Transcription factors are commonly targeted at the end of this process.

Signaling molecules that diffuse into the cell must be small and hydrophobic (e.g. nitric oxide).
For instance, nitric oxide (NO) serves as a signaling molecule that activates guanyl cyclase.

NO is a prolific signaling molecule synthesized from arginine.
It easily diffuses out of the source cell and into the target cell, where it commonly activates guanyl cyclase.

cGMP mediates numerous and varied cellular processes.
Nitric oxide has a very short lifespan (5-10 seconds), indicating its local action only, which is an important control mechanism for signaling.

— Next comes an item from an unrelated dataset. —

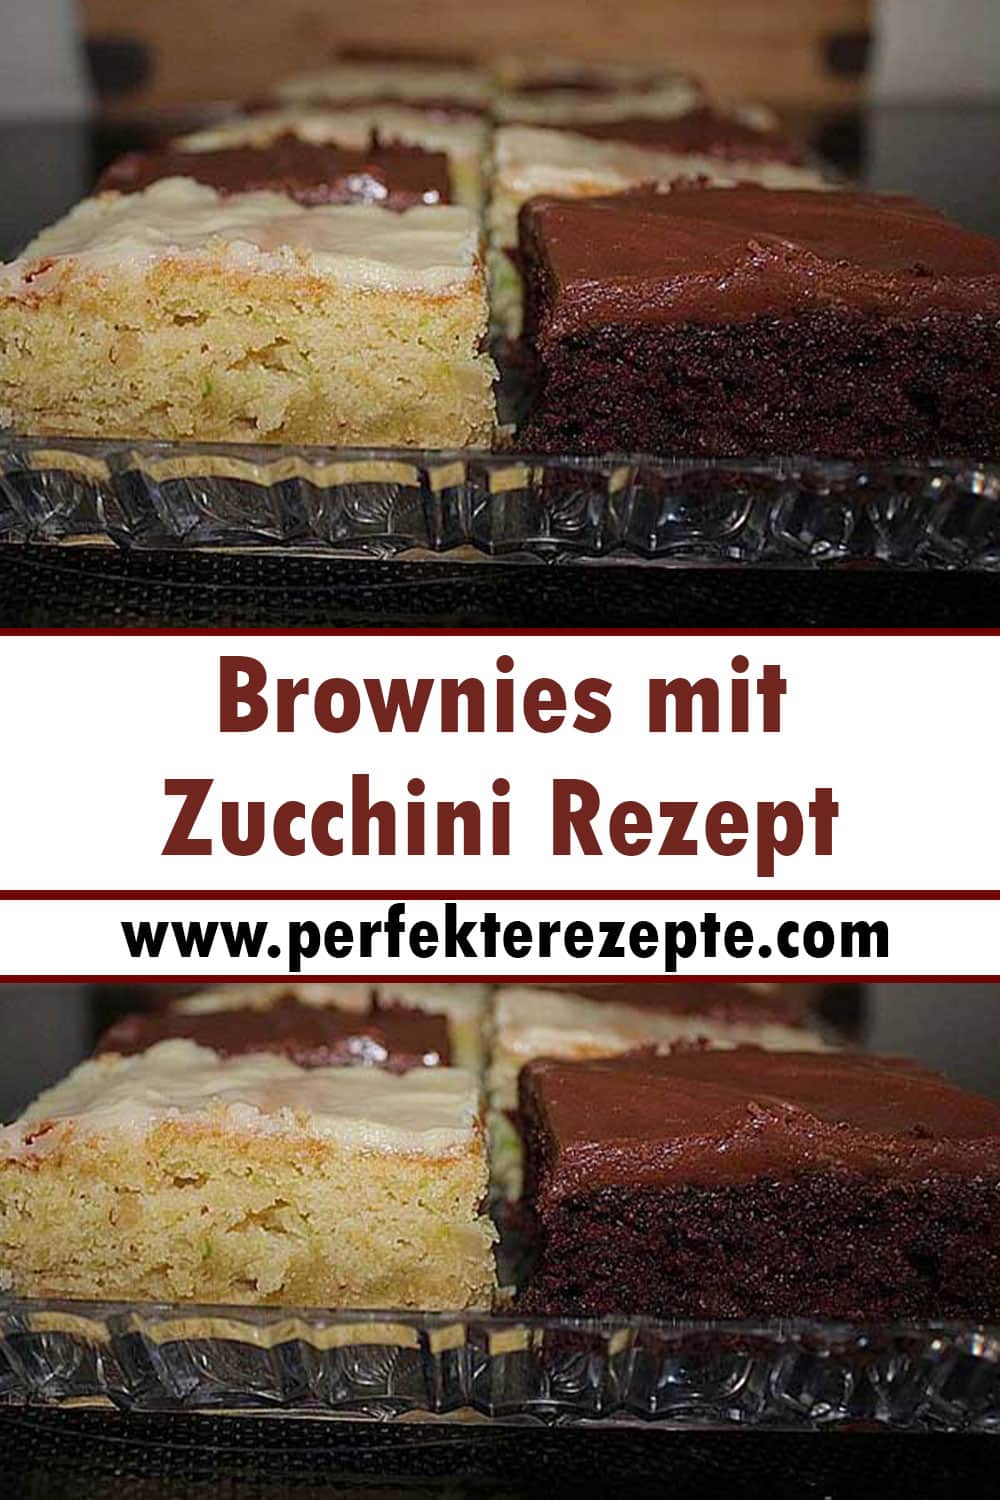 Brownies mit Zucchini Rezept
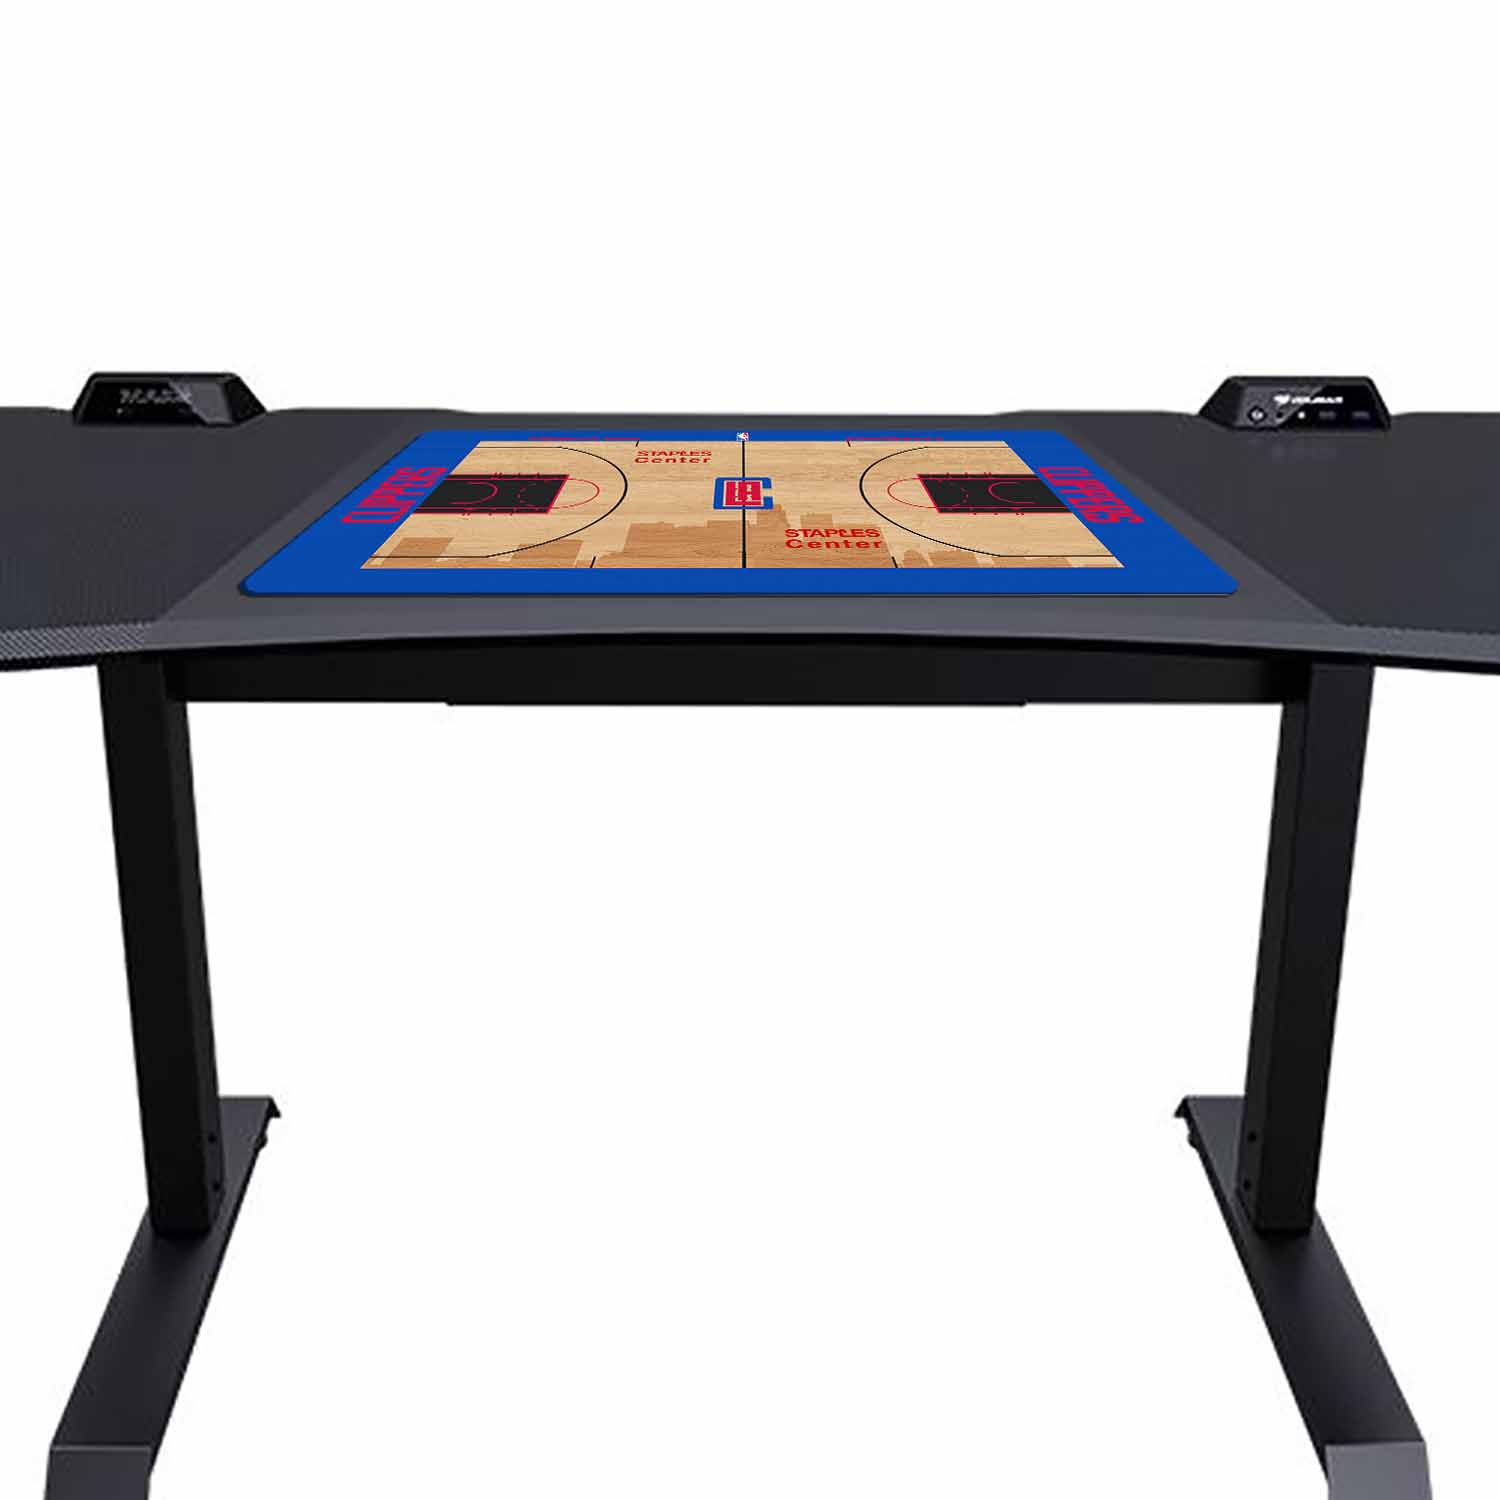 Los Angeles LA Clippers Themed NBA Desk / Gamer Pad

The production of nitric oxide is often initiated by acetylcholine, a neurotransmitter released from nerve cells, that triggers cells to synthesize NO.

The process involves acetylcholine activating NO synthase, leading to the production of NO from arginine which diffuses rapidly across the membranes, causing relaxation of smooth muscle cells due to subsequent cyclic GMP generation.